Their mission: Help Walid Habboo, who fled Iraq in the early 1970s to escape persecution and now works for Wells Fargo Advisors in Farmington Hills, Mich., recoup a disputed 35- acre plot in southeast Baghdad that Habboo says once belonged to his family.

Poblete and Tamargo registered to specifically lobby Michigan’s congressional delegation on Habboo’s behalf regarding issues that involve “confiscated property and related claims against the Republic of Iraq,” according to U.S. Senate disclosure filed Friday and an interview with Poblete.

The two men have also served as his lawyers for about a year.

“For a U.S. citizen to resolve a property claim in a foreign country, it’s a pretty tall order,” said Poblete, who served as a staffer for Rep. Bill Thomas, R-Calif., and the House Administration Committee before joining the private sector in 2003.

Lobbyists-for-hire typically represent corporations, unions or moneyed special interest groups. Picket signs, petitions and public meetings account for more traditional methods for private citizens attempting to voice frustration to federal lawmakers.

But for international cases like Habboo’s, retaining a lobbyist might be the only way for U.S. nationals to resolve the issues, Poblete said.

“People like the Habboo family are usually the last people dealt with because they don’t have the clout to reach into this process.” Poblete said. “A lot of these Iraqi-American families haven’t had the recourse that a lot of big companies have had.”

Habboo, a U.S. citizen, and his family are Chaldean Christian, a sect of Assyrian Christians who have sometimes faced violent marginalization in Iraq.

Habboo, who when reached by phone directed questions to his lobbyists, argued through them that Hussein’s regime expropriated land from his family. This includes a large tract called Camp Rustamiyah, an Iraqi military academy that was captured by U.S. armed forces during the Iraq War.

The United States officially turned over the training facility to the Iraqi military in March 2009, although many U.S. military forces and privately-contracted soldiers still populate the base, according to a U.S. Army document obtained through a Freedom of Information Act request made by Habboo’s legal counsel and reviewed by the Center for Public Integrity.

The U.S. Army’s heavily-redacted response, dated Nov. 26, revealed that the base houses about 3,000 soldiers. Additional U.S. personnel, according to the document, include:

  • 600 employees of the government contractor Kellogg, Brown and Root
  • 136 interpreters
  • 24 Army Air Force Exchange Service personnel
  • 40 Iraqi police advisers

Tamargo, Habboo’s other personal lobbyist, is no stranger to the reams of bureaucratic red tape that can block U.S. citizen from resolving a property claim in a foreign country.

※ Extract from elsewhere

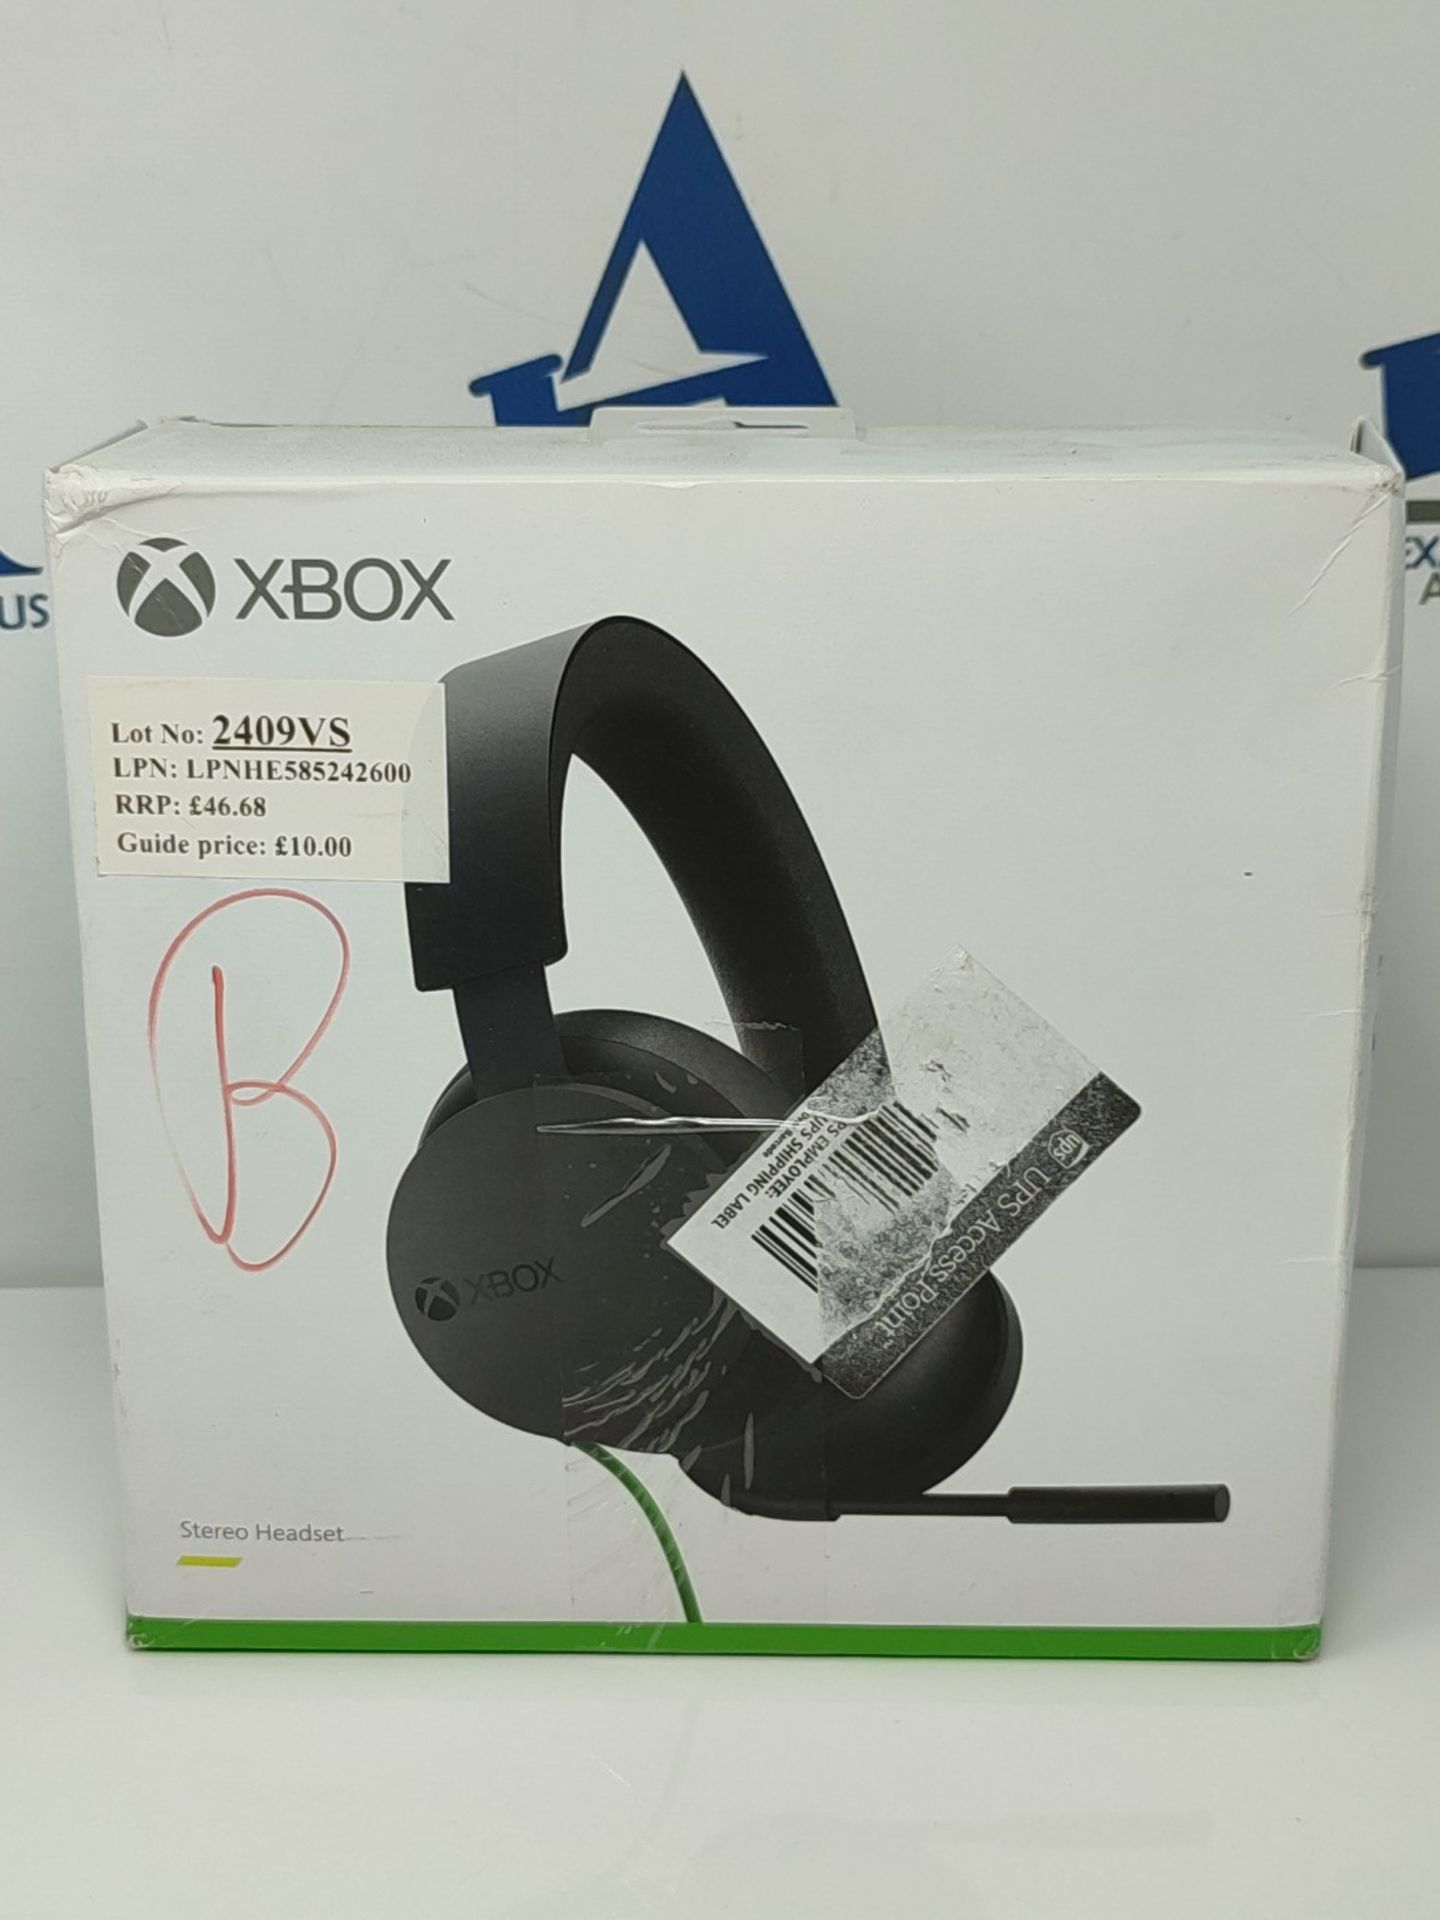 [CRACKED] Xbox Stereo Headset - [Xbox Series X|S, Xbox One, PC] - Image 2 of 3

From 2001 to 2009, Tamargo chaired the U.S. Department of Justice Foreign Claims Settlement Commission, which evaluates claims similar to those of Habboo and adjudicates how much U.S. citizens are owed by a foreign government. He’s also a former chief of staff and general counsel to Rep. Ileana Ros-Lehtinen, R-Fla.

Tamargo, who with Poblete has met with the Iraqi ambassador other Iraqi emissaries in Washington, D.C., would not disclose his client’s asking price for the land. But he says he’s hopeful that they will settle the claim with the Iraqi government amicably — and without involving the DOJ commission.

“We’re hoping that we can persuade the Iraqi government to simply settle the matter before it’s something that has to go to the Foreign Claims Settlement Commission or any kind of tribunal,” Tamargo said.